[Records from a dataset]
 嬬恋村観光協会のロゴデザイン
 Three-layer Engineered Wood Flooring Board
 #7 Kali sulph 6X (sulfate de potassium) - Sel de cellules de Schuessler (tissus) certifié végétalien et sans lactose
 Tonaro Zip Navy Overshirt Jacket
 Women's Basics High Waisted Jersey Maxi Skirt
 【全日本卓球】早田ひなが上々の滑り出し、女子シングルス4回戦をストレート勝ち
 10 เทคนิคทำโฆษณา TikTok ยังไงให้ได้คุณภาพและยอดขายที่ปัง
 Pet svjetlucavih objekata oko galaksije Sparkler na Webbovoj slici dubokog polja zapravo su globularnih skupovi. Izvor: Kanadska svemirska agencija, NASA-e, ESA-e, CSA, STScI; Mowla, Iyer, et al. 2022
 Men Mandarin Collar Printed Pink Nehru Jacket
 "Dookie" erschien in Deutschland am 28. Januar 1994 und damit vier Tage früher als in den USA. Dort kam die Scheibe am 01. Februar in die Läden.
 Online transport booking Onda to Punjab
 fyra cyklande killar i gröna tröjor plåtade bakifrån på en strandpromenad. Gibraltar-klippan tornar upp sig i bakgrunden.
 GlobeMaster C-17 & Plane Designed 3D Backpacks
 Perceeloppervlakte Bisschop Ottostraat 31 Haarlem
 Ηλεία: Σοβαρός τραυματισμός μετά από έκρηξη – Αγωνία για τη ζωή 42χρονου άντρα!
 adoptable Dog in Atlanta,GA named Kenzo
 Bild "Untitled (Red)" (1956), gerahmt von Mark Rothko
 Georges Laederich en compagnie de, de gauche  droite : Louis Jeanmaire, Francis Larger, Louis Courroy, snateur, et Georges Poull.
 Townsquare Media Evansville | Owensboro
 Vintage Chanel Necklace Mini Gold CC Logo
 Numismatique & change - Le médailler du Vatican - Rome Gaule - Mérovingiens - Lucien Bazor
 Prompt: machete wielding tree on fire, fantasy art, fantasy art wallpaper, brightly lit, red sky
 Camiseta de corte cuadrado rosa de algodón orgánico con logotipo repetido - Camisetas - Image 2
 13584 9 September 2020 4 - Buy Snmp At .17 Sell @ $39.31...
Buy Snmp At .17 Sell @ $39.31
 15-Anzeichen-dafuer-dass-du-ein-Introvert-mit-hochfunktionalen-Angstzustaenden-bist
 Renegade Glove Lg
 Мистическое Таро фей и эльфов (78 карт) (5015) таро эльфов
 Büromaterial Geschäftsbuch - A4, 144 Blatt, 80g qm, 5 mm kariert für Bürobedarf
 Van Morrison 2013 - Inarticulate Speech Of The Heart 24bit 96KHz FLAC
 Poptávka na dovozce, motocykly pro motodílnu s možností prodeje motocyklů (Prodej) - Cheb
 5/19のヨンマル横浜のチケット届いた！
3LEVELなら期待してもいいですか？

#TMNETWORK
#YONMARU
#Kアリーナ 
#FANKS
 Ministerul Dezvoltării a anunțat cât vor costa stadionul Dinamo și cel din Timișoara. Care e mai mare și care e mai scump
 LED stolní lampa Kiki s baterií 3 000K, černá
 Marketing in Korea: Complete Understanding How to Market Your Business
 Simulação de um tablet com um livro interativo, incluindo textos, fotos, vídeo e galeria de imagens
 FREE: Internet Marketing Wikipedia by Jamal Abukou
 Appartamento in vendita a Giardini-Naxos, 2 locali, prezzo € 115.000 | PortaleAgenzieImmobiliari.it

_EXERCISE AIM_: Among the entries above, copy exactly only the lines starting with the one containing "in die Läden." and going through the one containing "5/19のヨンマル横浜のチケット届いた！", both ends included.

_REPLY TO THE EXERCISE_:
 "Dookie" erschien in Deutschland am 28. Januar 1994 und damit vier Tage früher als in den USA. Dort kam die Scheibe am 01. Februar in die Läden.
 Online transport booking Onda to Punjab
 fyra cyklande killar i gröna tröjor plåtade bakifrån på en strandpromenad. Gibraltar-klippan tornar upp sig i bakgrunden.
 GlobeMaster C-17 & Plane Designed 3D Backpacks
 Perceeloppervlakte Bisschop Ottostraat 31 Haarlem
 Ηλεία: Σοβαρός τραυματισμός μετά από έκρηξη – Αγωνία για τη ζωή 42χρονου άντρα!
 adoptable Dog in Atlanta,GA named Kenzo
 Bild "Untitled (Red)" (1956), gerahmt von Mark Rothko
 Georges Laederich en compagnie de, de gauche  droite : Louis Jeanmaire, Francis Larger, Louis Courroy, snateur, et Georges Poull.
 Townsquare Media Evansville | Owensboro
 Vintage Chanel Necklace Mini Gold CC Logo
 Numismatique & change - Le médailler du Vatican - Rome Gaule - Mérovingiens - Lucien Bazor
 Prompt: machete wielding tree on fire, fantasy art, fantasy art wallpaper, brightly lit, red sky
 Camiseta de corte cuadrado rosa de algodón orgánico con logotipo repetido - Camisetas - Image 2
 13584 9 September 2020 4 - Buy Snmp At .17 Sell @ $39.31...
Buy Snmp At .17 Sell @ $39.31
 15-Anzeichen-dafuer-dass-du-ein-Introvert-mit-hochfunktionalen-Angstzustaenden-bist
 Renegade Glove Lg
 Мистическое Таро фей и эльфов (78 карт) (5015) таро эльфов
 Büromaterial Geschäftsbuch - A4, 144 Blatt, 80g qm, 5 mm kariert für Bürobedarf
 Van Morrison 2013 - Inarticulate Speech Of The Heart 24bit 96KHz FLAC
 Poptávka na dovozce, motocykly pro motodílnu s možností prodeje motocyklů (Prodej) - Cheb
 5/19のヨンマル横浜のチケット届いた！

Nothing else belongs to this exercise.